** PROMPT **
Once the pictures are set aside, copy the data below exactly as it stands.

** SUPPLIED DATA **
++++++++++

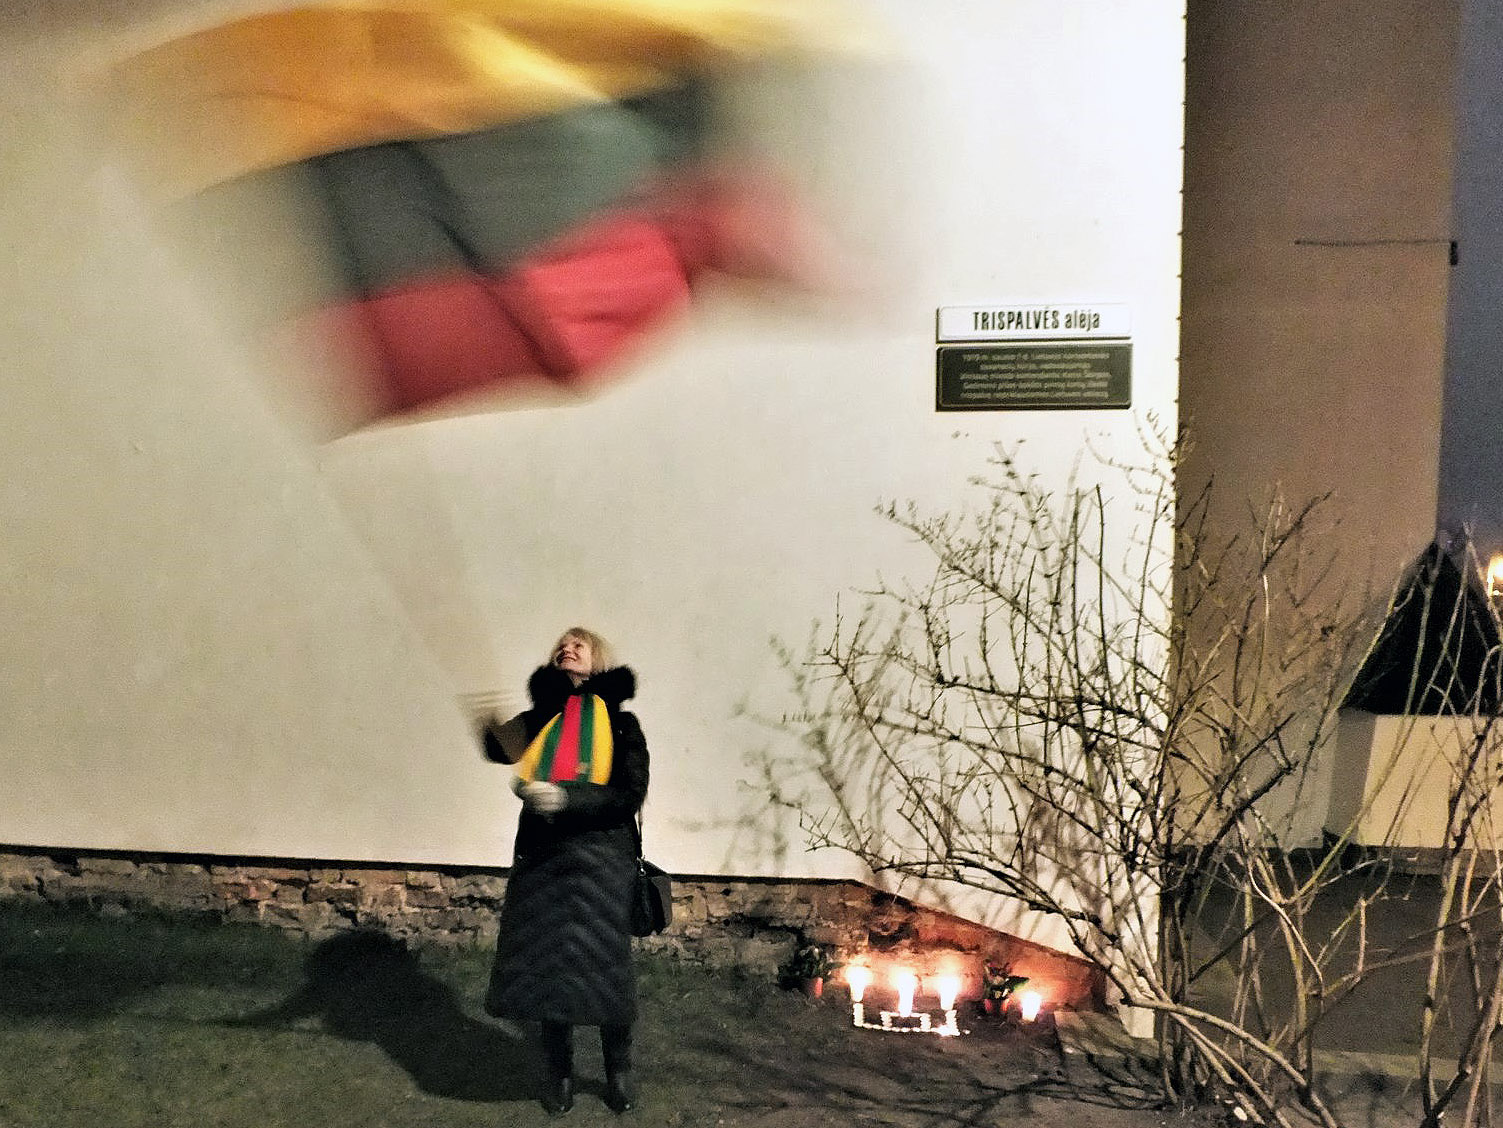 Policija sulaikė aktyvią K. Škirpos gynėja už mojavimą tautine vėliava | V. Sankirtos nuotr.
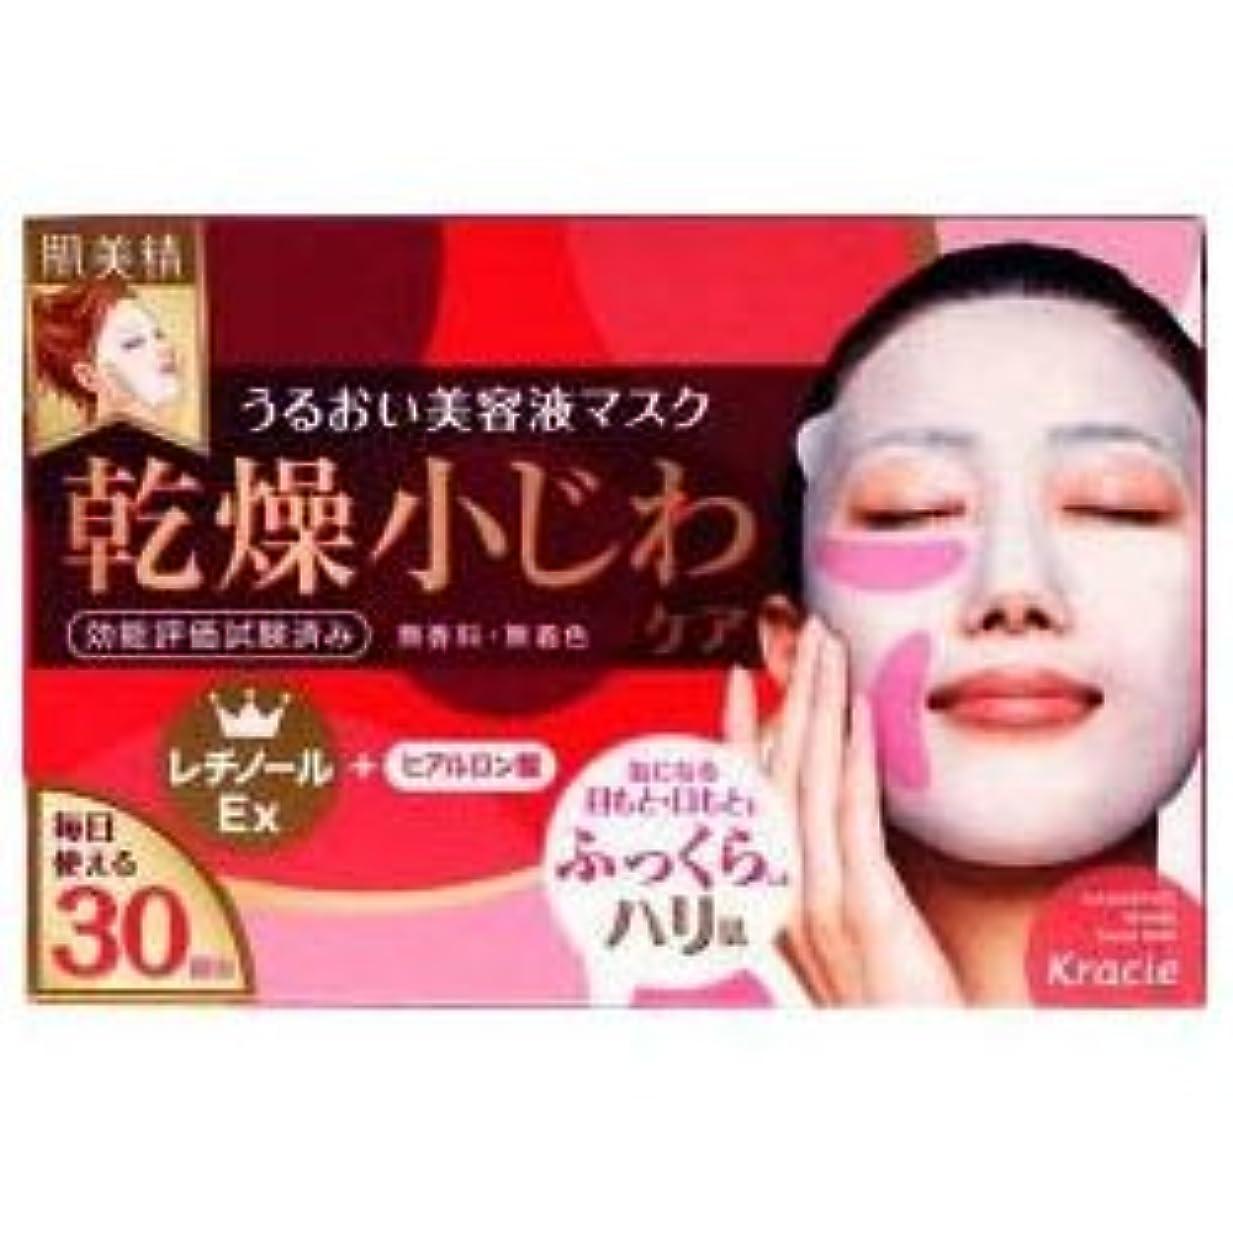 変更可能タンカー沿って【クラシエ】肌美精 デイリーリンクルケア美容液マスク 30枚 ×10個セット
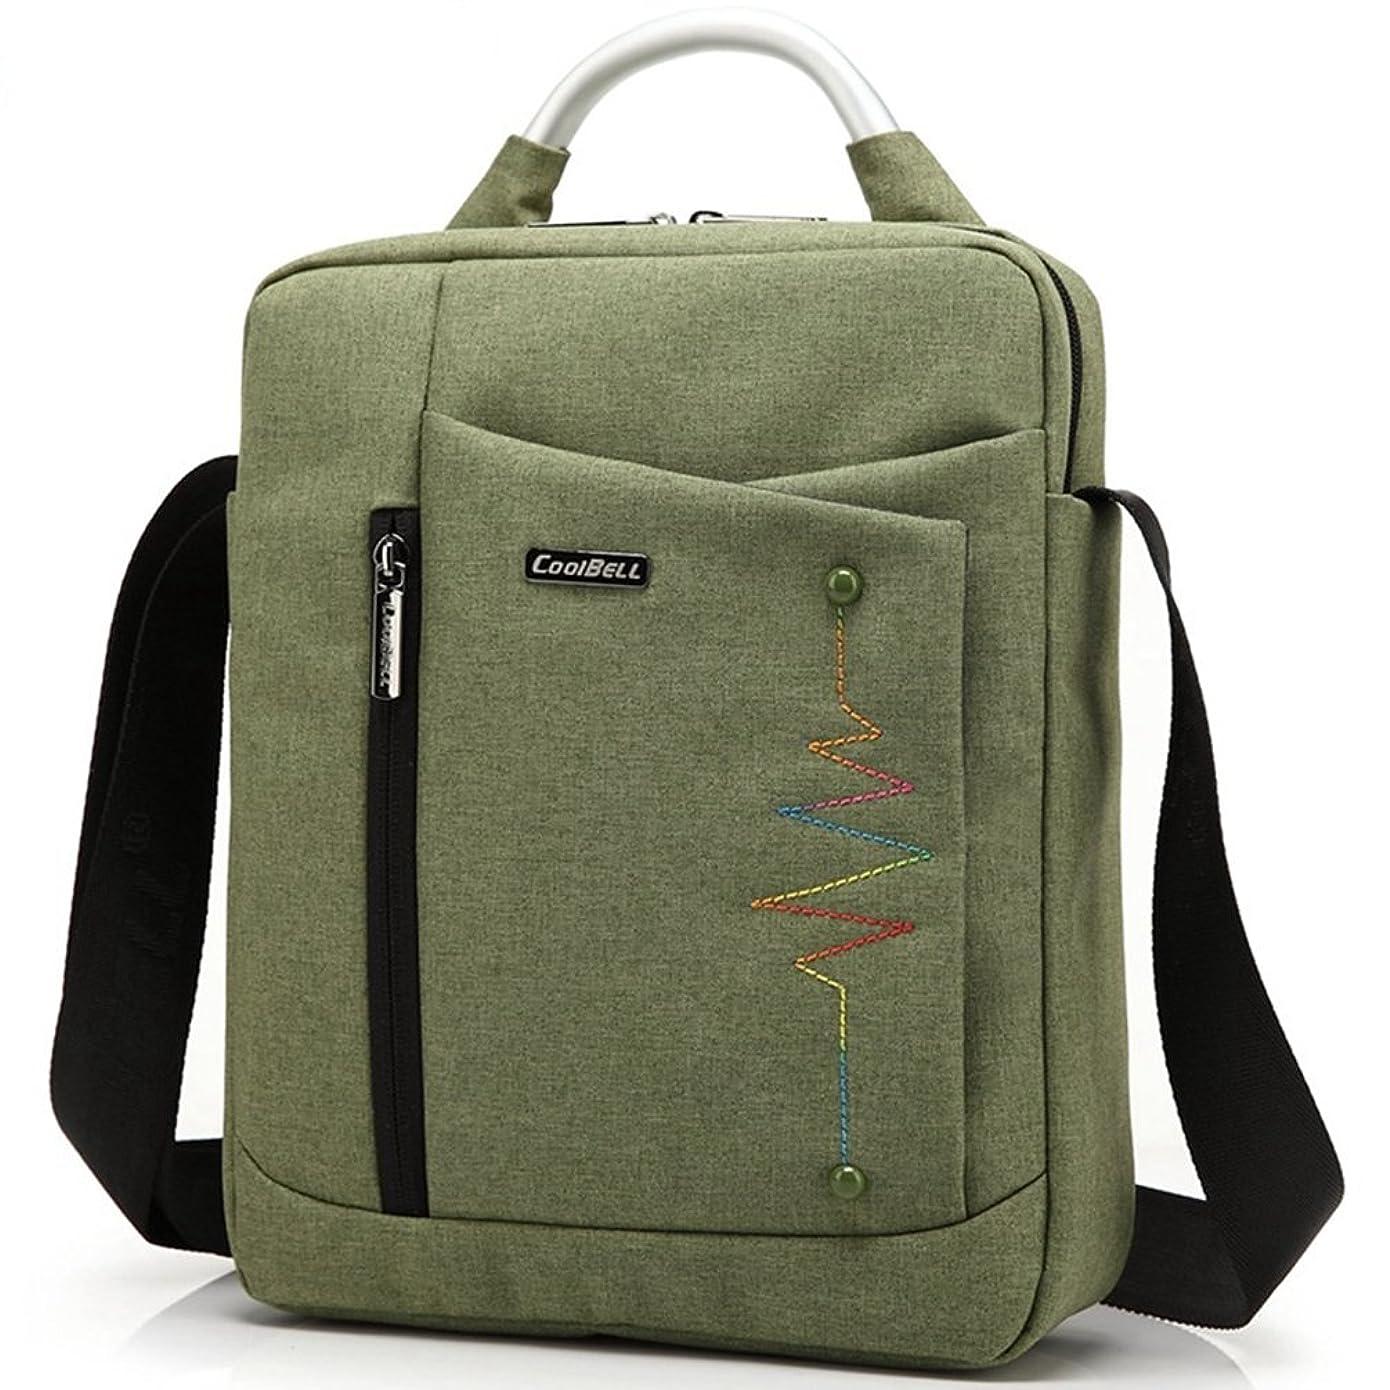 深さ急流良心PCバッグ ビジネスバッグ メンズ ブリーフケース トートバッグ 8インチ~15.6インチPC パソコン ケース ショルダーバッグ 人気 コンピューター ブリーフケース 通学 通勤  A4サイズ 高校生 学生 縦型 12.1インチ 緑 グリーン

++++++++++

** RESPONSE TO THIS TASK **
 Policija sulaikė aktyvią K. Škirpos gynėja už mojavimą tautine vėliava | V. Sankirtos nuotr.
 変更可能タンカー沿って【クラシエ】肌美精 デイリーリンクルケア美容液マスク 30枚 ×10個セット
 深さ急流良心PCバッグ ビジネスバッグ メンズ ブリーフケース トートバッグ 8インチ~15.6インチPC パソコン ケース ショルダーバッグ 人気 コンピューター ブリーフケース 通学 通勤  A4サイズ 高校生 学生 縦型 12.1インチ 緑 グリーン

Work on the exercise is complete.